Si les at­teintes vo­lon­taires à l’in­té­gri­té phy­sique res­tent stables dans l’Orne, les vio­lences sexuelles sont en aug­men­ta­tion de 24 %.

« Etre dis­sua­sif sans être an­xio­gène »

En 2017, les forces de l’ordre met­tront l’ac­cent sur trois do­maines : les vio­lences in­tra­fa­mi­liales, les cam­brio­lages et les vols liés à l’au­to­mo­bile. A ce­la s’ajoute la lutte contre la ra­di­ca­li­sa­tion : « Il faut que tous les si­gnaux, même faibles nous soient trans­mis, que cha­cun nous com­mu­nique les faits », in­siste le co­lo­nel de po­lice Gil­bert Grin­stein, di­rec­teur dé­par­te­men­tal de la sé­cu­ri­té pu­blique.

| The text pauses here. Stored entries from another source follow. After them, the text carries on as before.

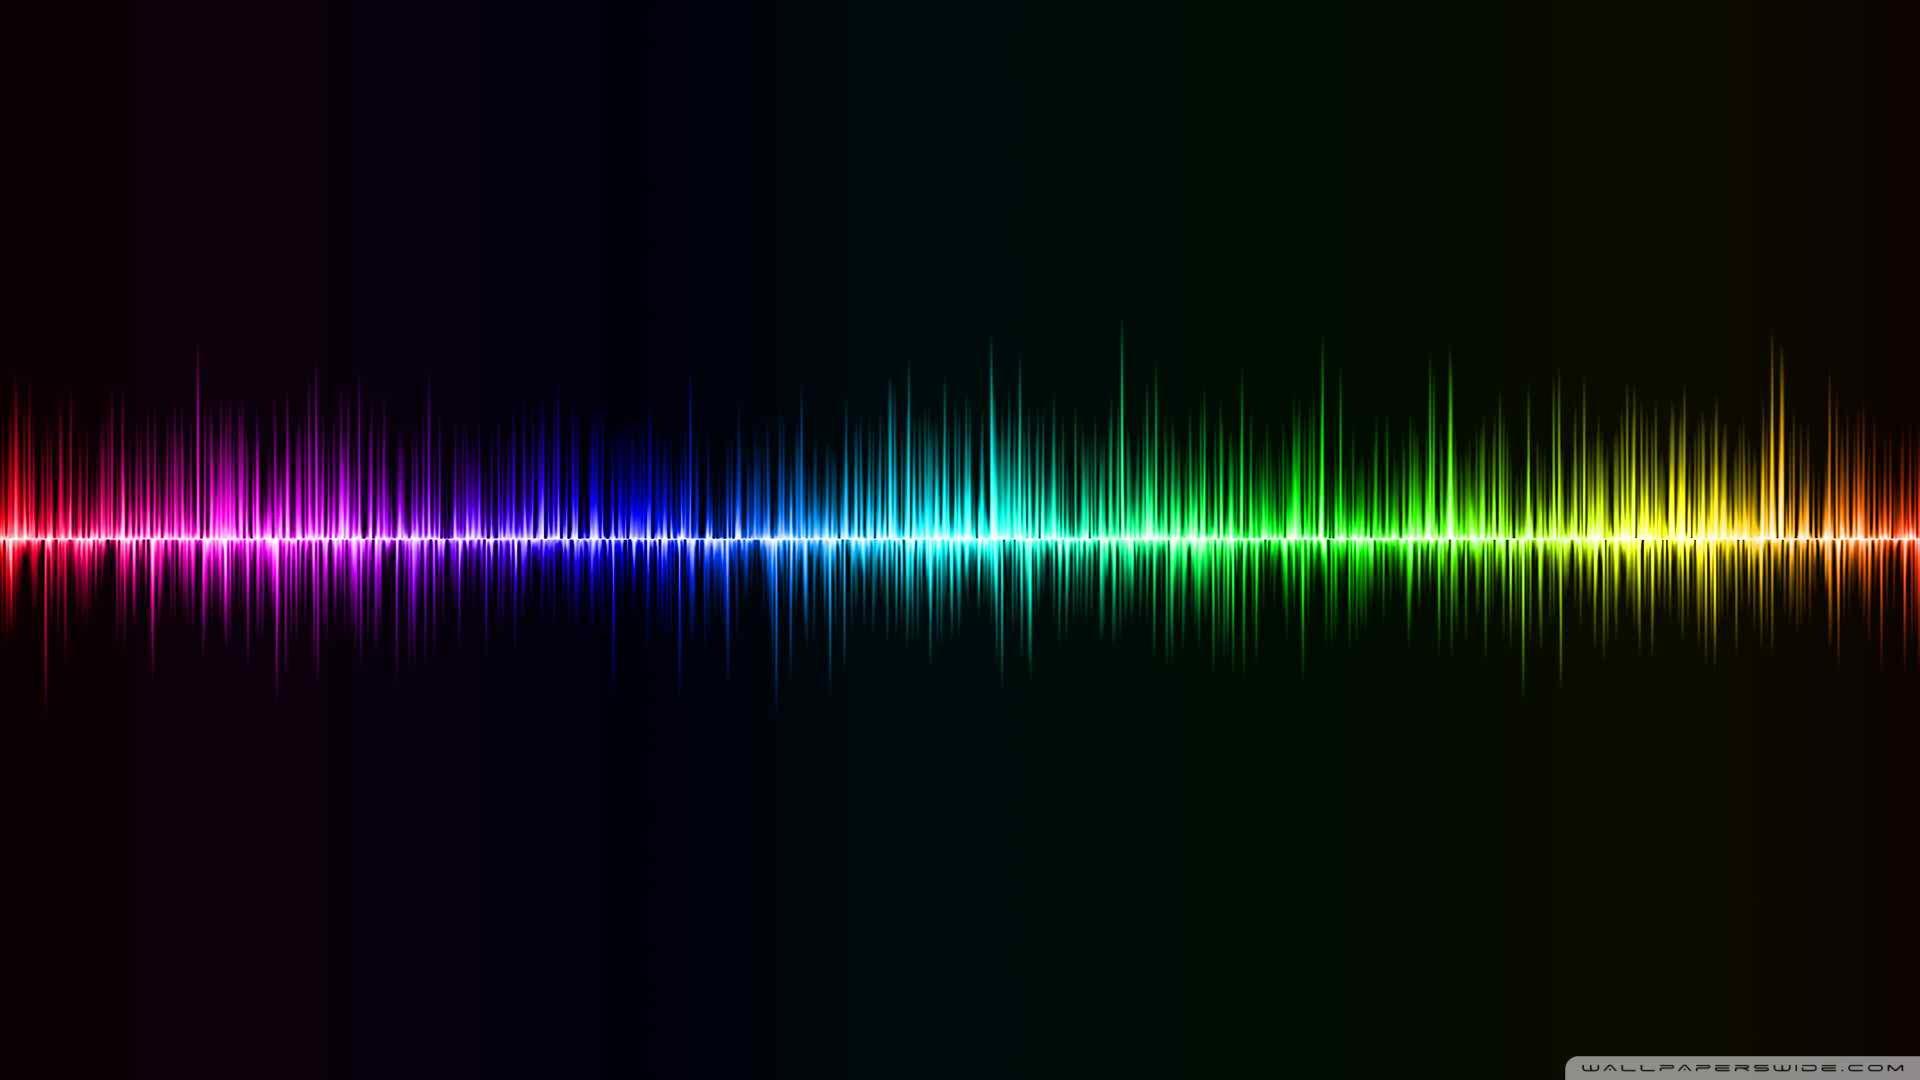 Alfa img – Showing > Music Beat Wave Gif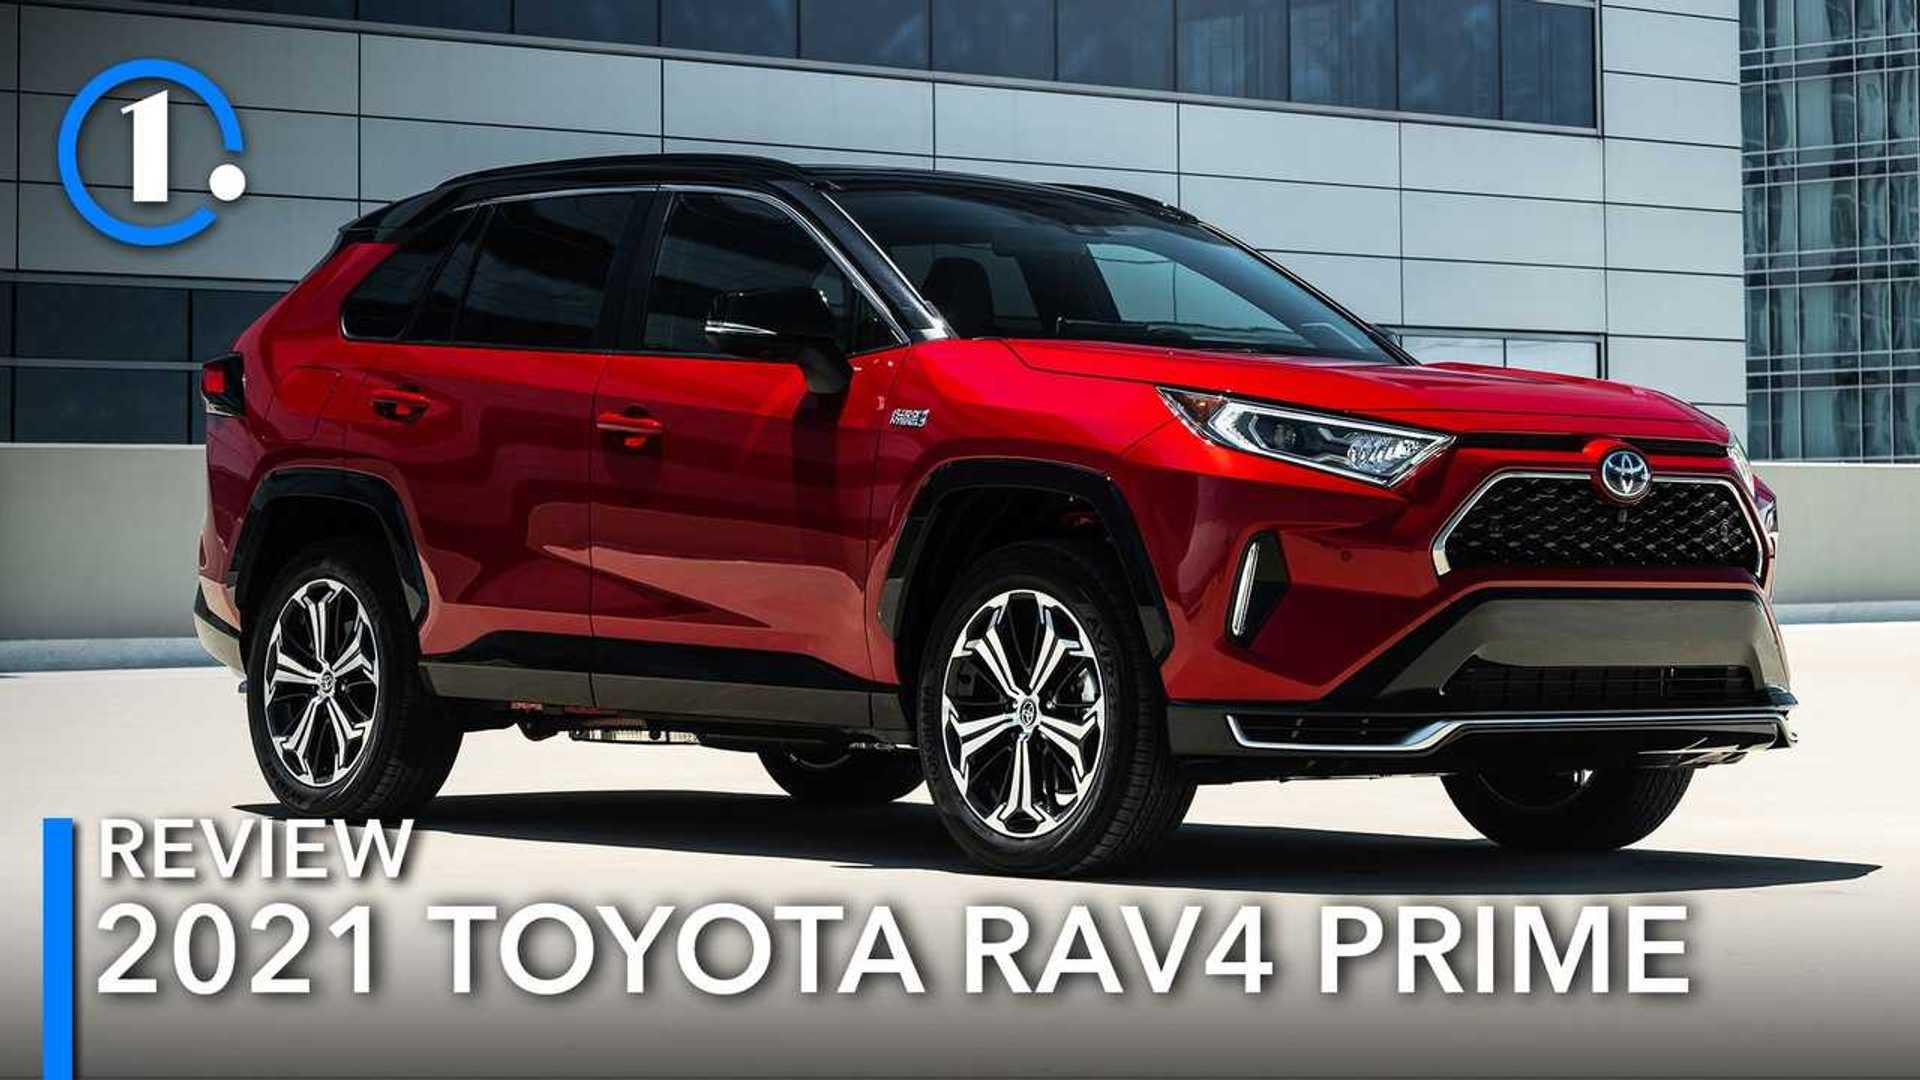 2021 Toyota RAV4 Prime Review: No Reason Not To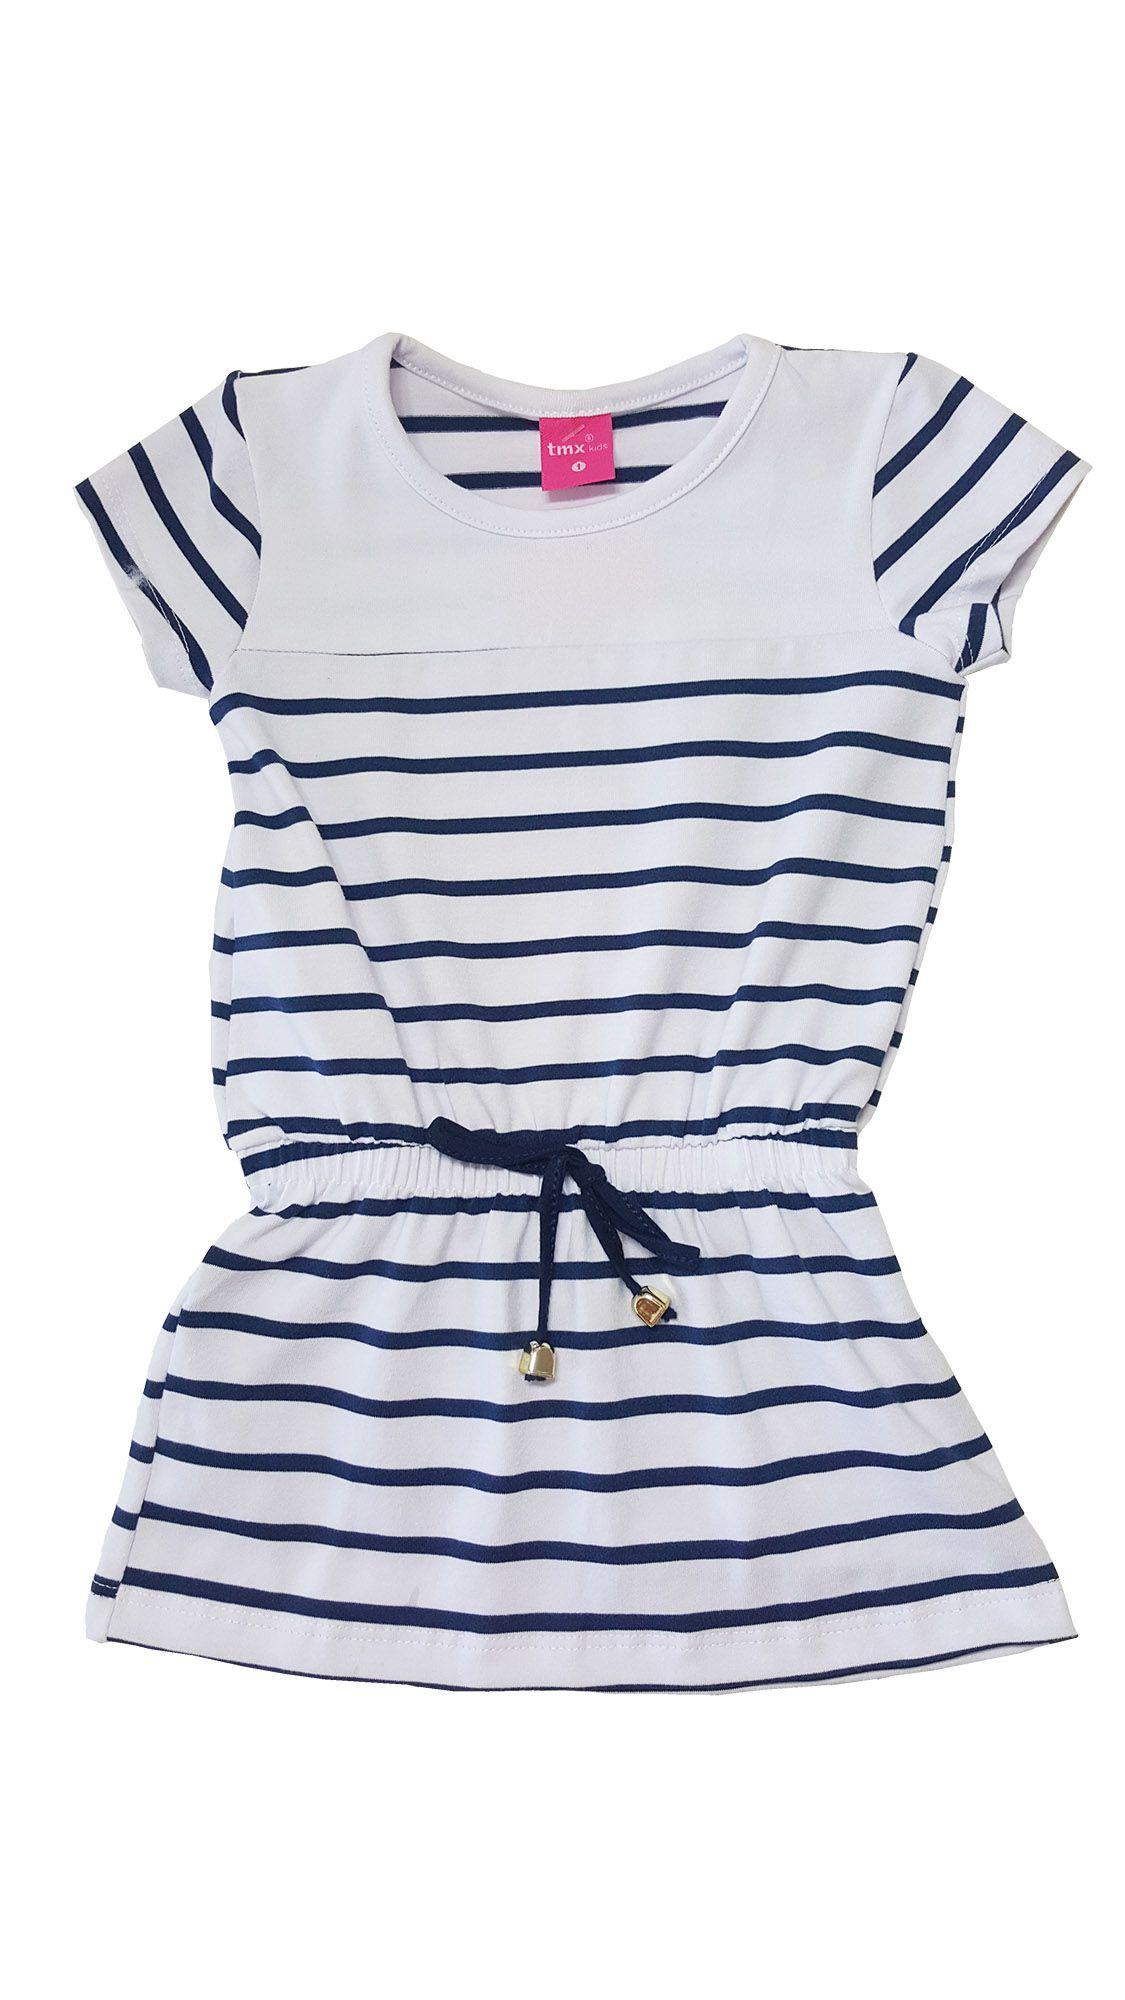 Vestido Infantil TMX  Listrado Branco / Tamanho 8

Dans l’Orne, un plan de ges­tion des tue­ries de masse se­ra ap­pli­qué, im­pli­quant les « gen­darmes du quo­ti­dien ». « Par le pas­sé, lors d’un acte ter­ro­riste, on met­tait en place un pé­ri­mètre et on at­ten­dait l’ar­ri­vée du RAID ou du GIGN. Dé­sor­mais, les po­li­ciers ou gen­darmes de pre­mier ni­veau sont en­traî­nés pour in­ter­ve­nir et stop­per la me­nace dès le dé­part ».

A l’oc­ca­sion du feu d’ar­ti­fice du 15 août à Ba­gnoles-de-l’Orne ou de la foire de Mon­tilly, les gen­darmes et les po­li­ciers ont eu l’oc­ca­sion d’éprou­ver leur dis­po­si­tif, avec une pré­sence renforcée au sein de l’évé­ne­ment et un bou­clage des voies at­te­nantes pour les vé­hi­cules à mo­teur. « Suite aux ma­ni­fes­ta­tions de cet été, je n’ai eu que des re­tours po­si­tifs », confie Ma­dame le pré­fet, Isa­belle Da­vid, qui ré­sume : « Le but est d’être dis­sua­sif sans être an­xio­gène ».